We went camping this weekend in celebration of a friend’s 40th birthday. Once upon a time, 40 seemed so far away, but now that I am creeping up there myself, I can’t say I feel like I thought I’d feel. While I do feel like a grown-up (especially after the baby was born), I don’t feel as “grown-up” as I thought I’d feel by this point. I’m guessing it is true for most people, that though we live our adult lives every day, being grown-up doesn’t feel like we thought it would feel when we were kids thinking about being grown-up. Does that make sense?
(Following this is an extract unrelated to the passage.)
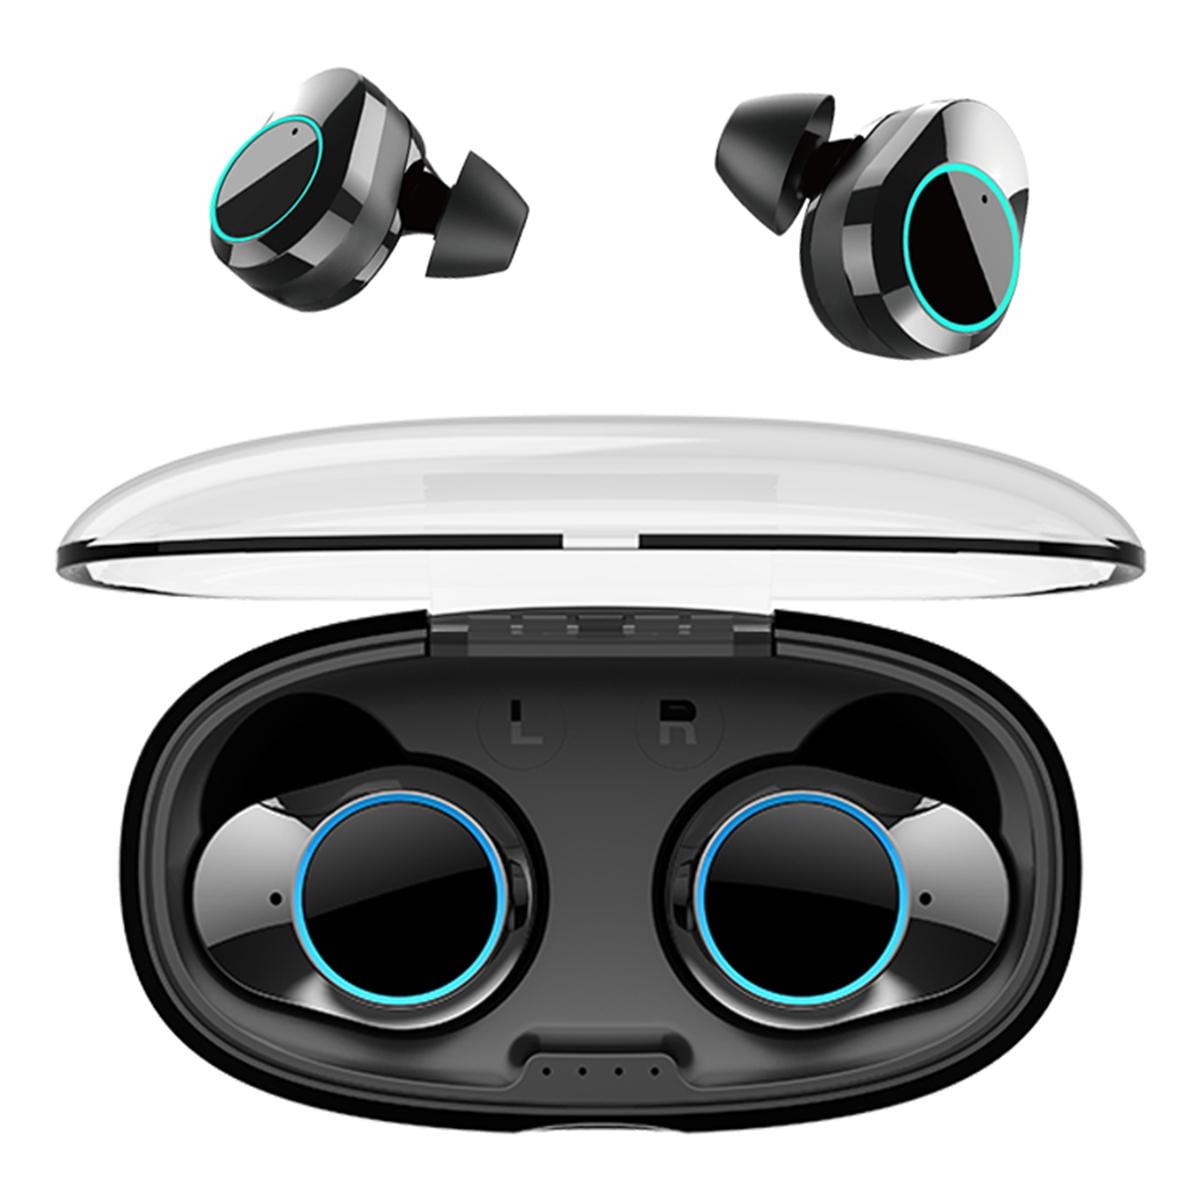 T2C TWS Bluetooth 5.0 earphone hifi stereo type-c charging case wholesale china 1 (1)

Anyway, the highlight of this trip for me was the 2.2 mile hike to the Blue Pool, also known as Tamolitch Falls. The “Falls” actually no longer exists here. What used to be the upper section of the McKenzie river has been diverted, and now the water that fills this pool comes from an underground source. This is my favorite kind of hike -  with a destination, or “reward” at the end, and this one did not disappoint. As a matter of fact, the pool contained the bluest water I’ve ever seen in my life, more like a really deep turquoise. The photo does not do the color justice, nor does it even hint at it’s incredible depth.  Let me tell you, it was hard to resist the pull of all that glistening water on a summer day, but a quick temperature check with a dipped hand into the freezing cold instantly warned us that would not be a good idea.
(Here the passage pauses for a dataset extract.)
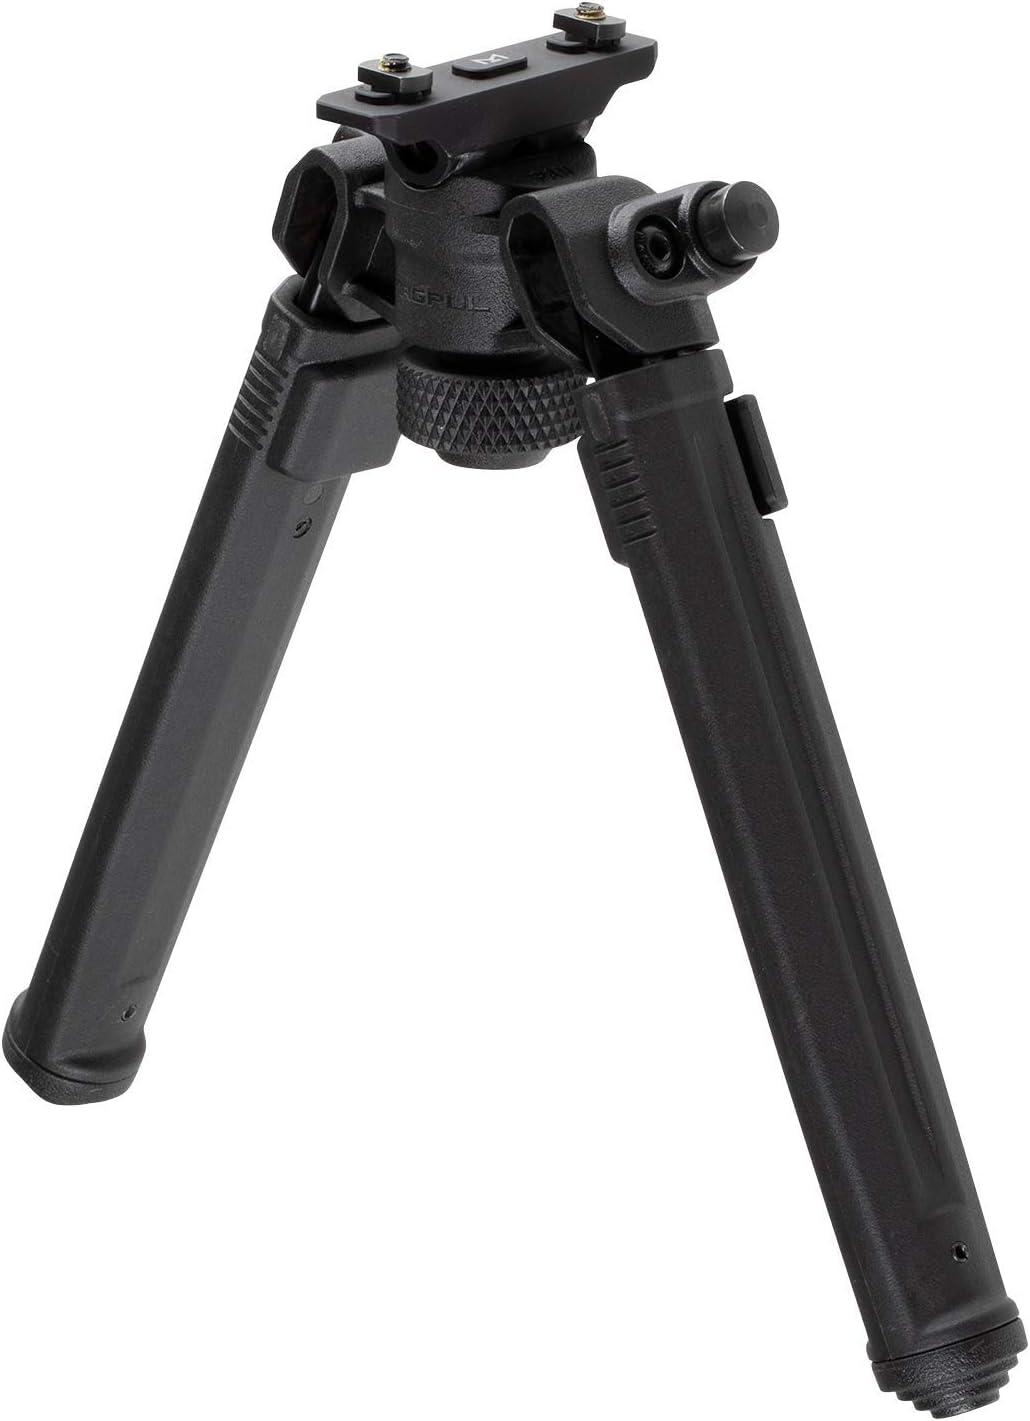 <strong>Magpul Rifle Bipod</strong>}

And did I mention that I carried Chloe on my back on the hike up? I was pretty proud of myself. I think it actually made the experience more fun, hiking with friends with our babies on our backs. We brought the Beco carrier instead of the framed Kelty carrier because it packs down so much smaller in an already full car (Barkley was also with us). I’m happy to say the Beco continues to be worth every penny, although we use it less now than when Chloe was a newborn. And although camping with a toddler is quite challenging at times, I think it was still a good experience.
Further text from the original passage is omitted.